Not done as a commission, but for the fun of it, and it is for sale and open to offers by the way! A3, pencil & ink.

One of my fave TV cops, Columbo. Here’s the pencils…

Peter Falk Pencils

And here is the the finished article!

Peter Falk as Columbo Portrait

7 thoughts on “Peter Falk as Columbo Portrait”

  1. The pencils remind me of Gene Colan (which may be deliberate). Very good inking and likeness as usual.

  2. The Falk pencils have a lovely soft quality that is compelling in its own way as the final inked version.

  3. NICE stuff.

    Crazy enough, COLUMBO was never one of my favorites in the 70s. But once I got hooked, I never missed it if I could. I love nearly all the NBC Mystery Movies. Thanks to DVDs, I’ve been able to watch most of them again for the first time ever, in chronological sequence. I started from the beginning and am now early in the 1975-76 season.

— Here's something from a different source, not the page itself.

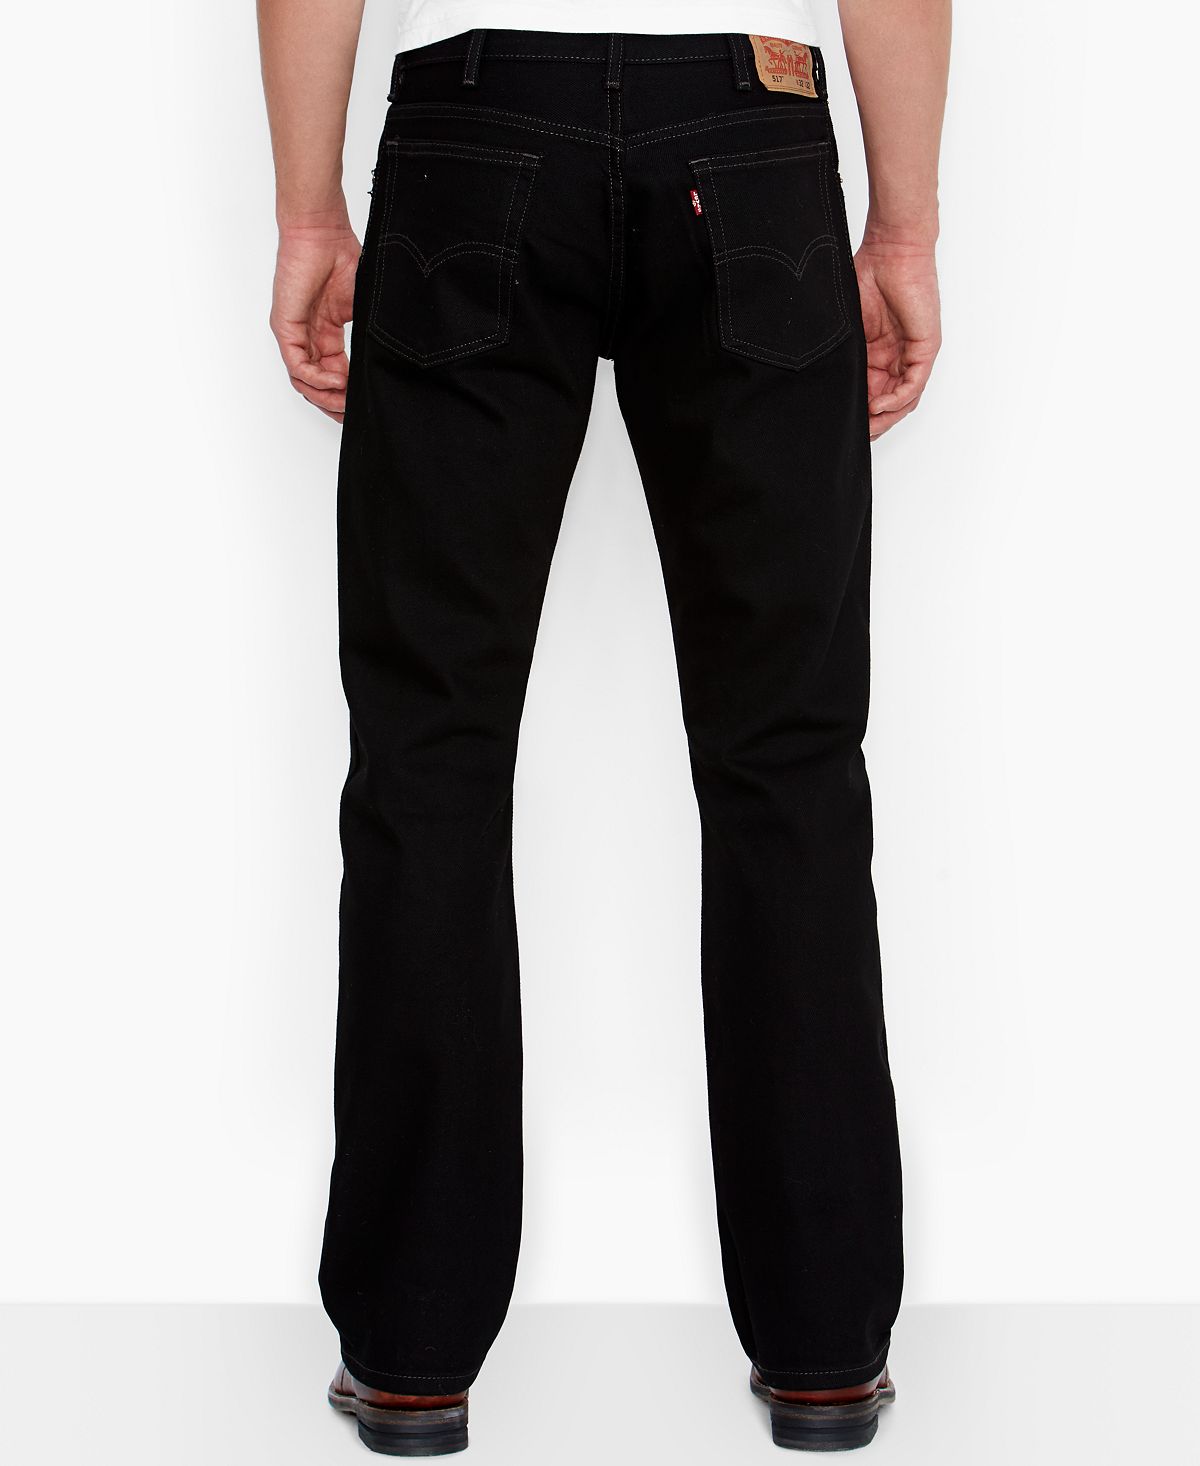 Levi's 517 Bootcut Fit Jeans Black

    I was able to get the entire run of COLUMBO — 69 movies!!! — for just about $40. And, for the most part, I’m loving them. In 1974, some halfwit at NBC decided “all” the Mystery Movies needed to be expanded to fit a 2-hour time slot instead of 90 minutes. Unfortunately, this meant MOST of them felt painfully padded-out. Even my favorite series, McCLOUD, began to have some boring episodes. Sheesh.

    Somehow, that wasn’t a problem during the revival. The 1st season was poorly-written, but then the 2nd season on ABC, Peter Falk decided to take over control of the show, and began to “play” with the format– something they hadn’t done since the 1st season of the original run. And the revival became one of my FAVORITE shows! It’s nice to have gotten all of them in one box for such a cheap price. (It was only a couple months before they were reissued on Blu-Ray– figures. Oh well!)

    1. I wrote a magazine article last year, covering the origins of the show and then fast-forwarding to its final curtain. Peter Falk wasn’t the easiest person for the studio to work with, and his perfectionism (coupled with the heightened eccentricity encouraged by Patrick McGoohan as director) eventually got in the way of guiding at least one more instalment through the starting gate.